BENTON HARBOR, Mich., July 17 /PRNewswire-FirstCall/ -- Whirlpool Corporation (NYSE: WHR) today announced that it has made a proposal to acquire Maytag Corporation (NYSE: MYG) for $17 per Maytag share. The total value of the proposal represents a 21% premium over the price offered by Triton Acquisition Holding in their current agreement with Maytag. This transaction is valued at $2.3 billion in cash and stock (based on assumed debt of $969 million). Whirlpool's proposal is subject to the satisfactory completion of due diligence and negotiation of a mutually acceptable definitive merger agreement.
"This transaction will provide Maytag shareholders with superior value compared to the current offer," said Jeff M. Fettig, Whirlpool's chairman, president and CEO. "Equally important, the combination fits Whirlpool's strategy and capabilities, will create strong value for our shareholders and provide direct benefits to consumers and trade customers."
Text of the proposal letter delivered to the CEO and Chairman of the Special Committee of Maytag is included at the end of this press release.
Whirlpool is being advised by Greenhill & Company, Weil Gotshal & Manges, and The Boston Consulting Group.

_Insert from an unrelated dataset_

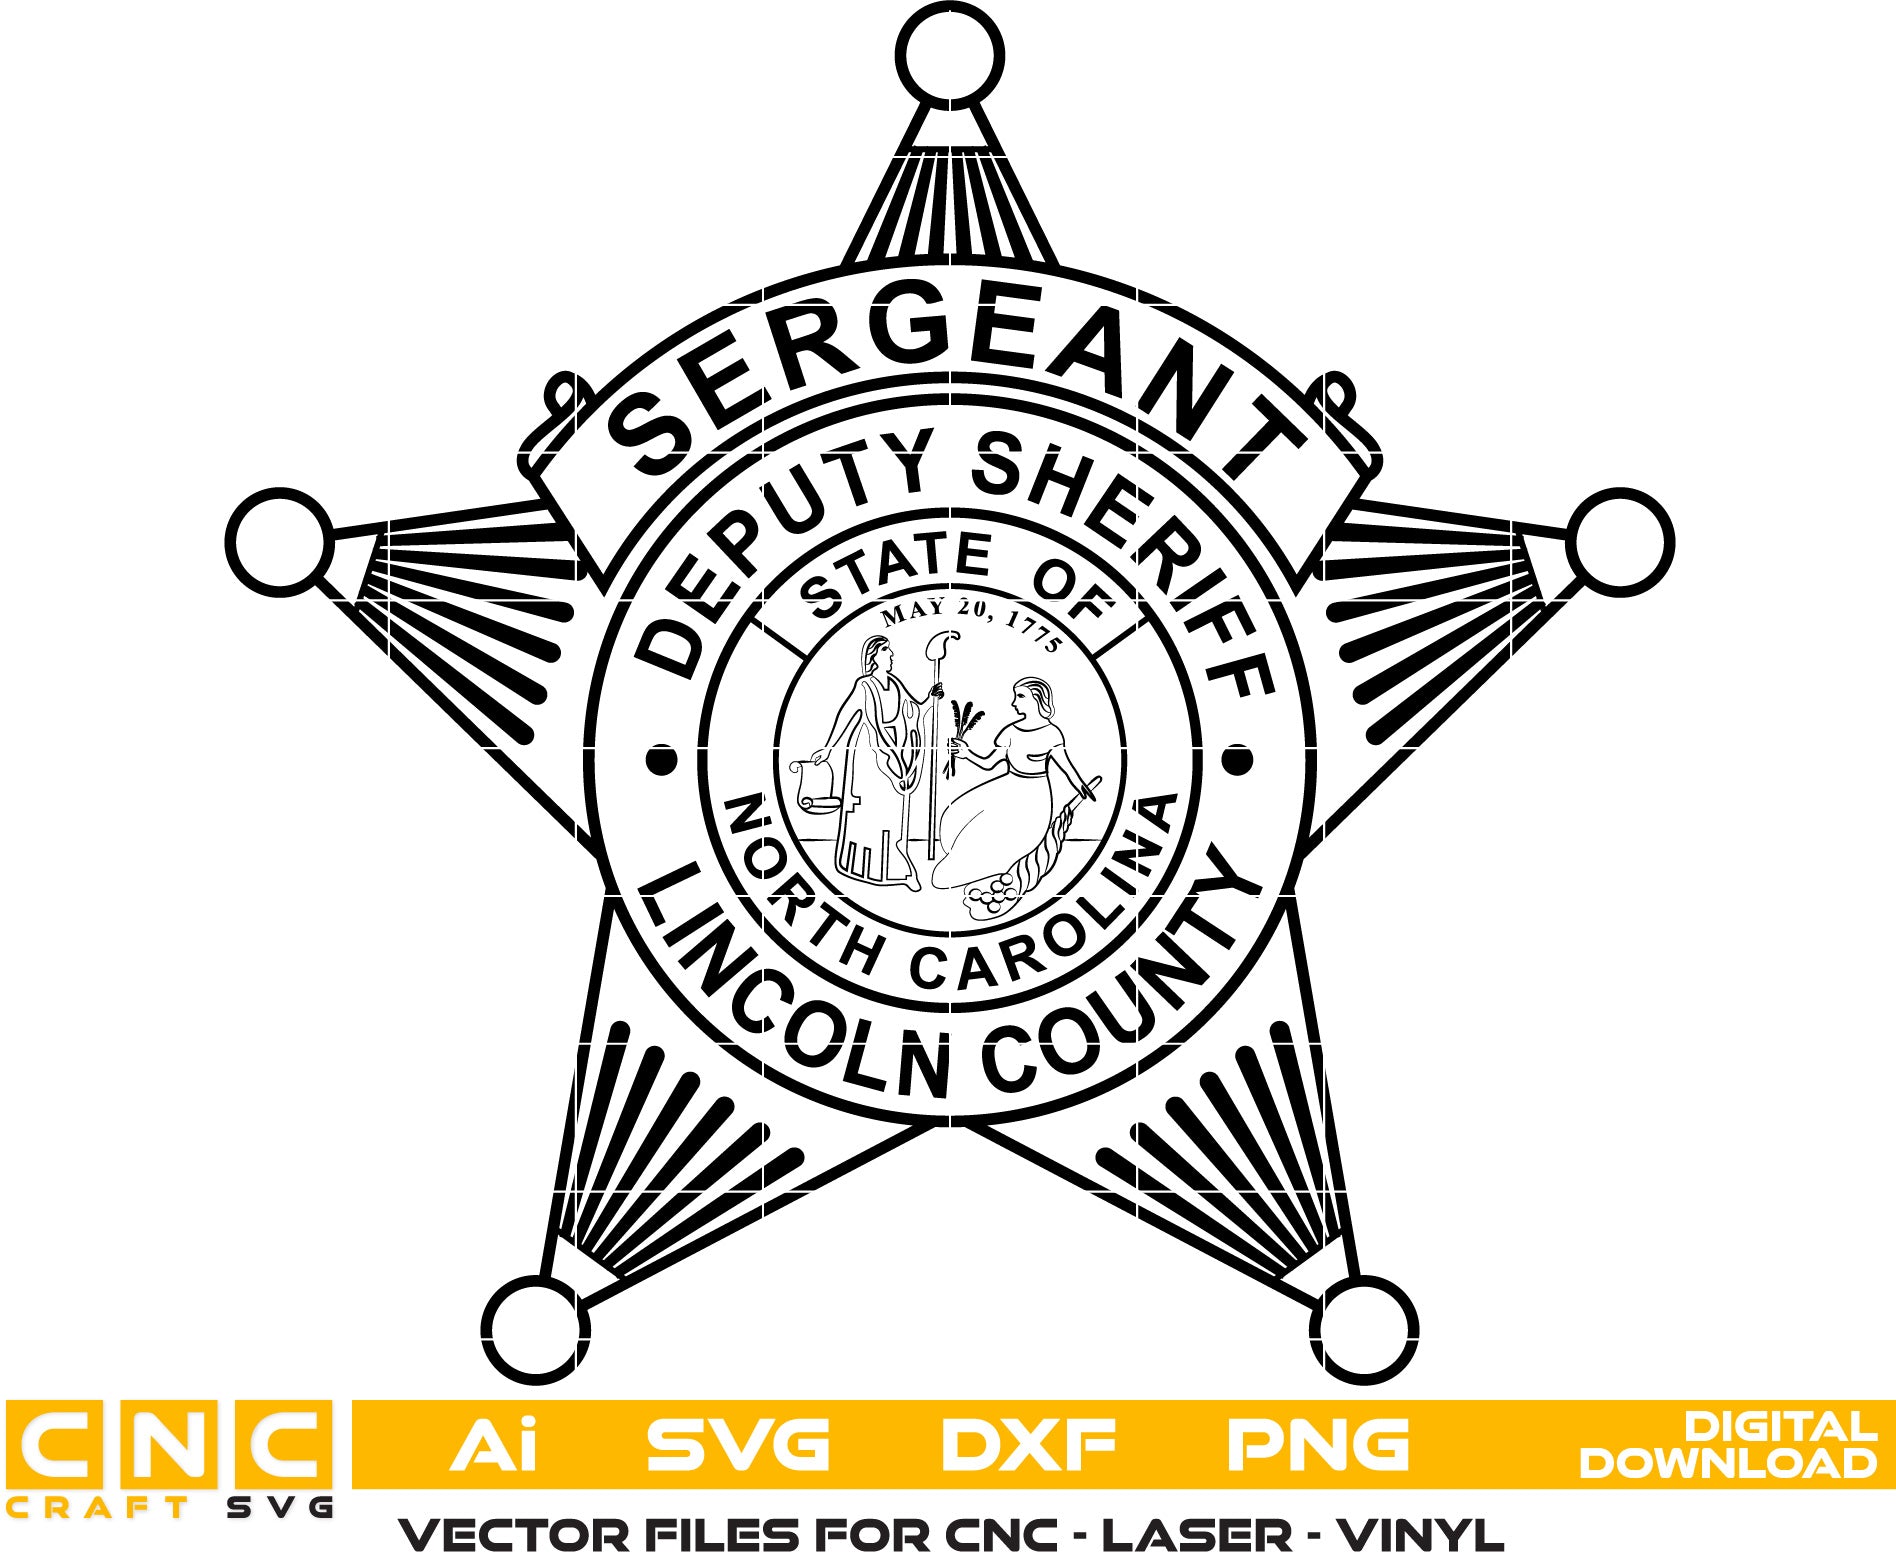 Lincoln County Deputy Sheriff Sergeant Badge Vector Art, Ai,SVG, DXF, PNG, Digital Files

Whirlpool also announced that, based on its assessment of the current environment, it continues to expect full-year 2005 earnings per share of $5.90 to $6.10, cash provided by operating activities of approximately $860 million, and free cash flow in the $250 to $300 million range (see table below).
The company has scheduled a conference call to discuss the Maytag proposal with members of the financial community at 11:00 a.m. (EDT) on Monday, July 18.
Individuals who would like to participate in the Maytag proposal conference call should call (877) 502-9274 and use confirmation code 6451879. International participants should call (913) 981-5584 and use confirmation code 6451879.
Whirlpool will be discussing its second quarter results as expected during its previously scheduled conference call on Thursday, July 21, at 10:00 a.m. (EDT).
The table below reconciles cash provided by operating activities as prepared in accordance with accounting principles generally accepted in the United States to free cash flow. Management believes this comparison of free cash flow provides shareholders with a relevant measure of liquidity and a useful basis for assessing the Company's ability to fund its activities. There are limitations to using non-GAAP financial measures, including the difficulty associated with comparing companies that use similar performance measures whose calculations may differ from the Company's calculations. Free cash flow is cash provided by operating activities after capital expenditures, proceeds from the sale of fixed assets and dividends paid.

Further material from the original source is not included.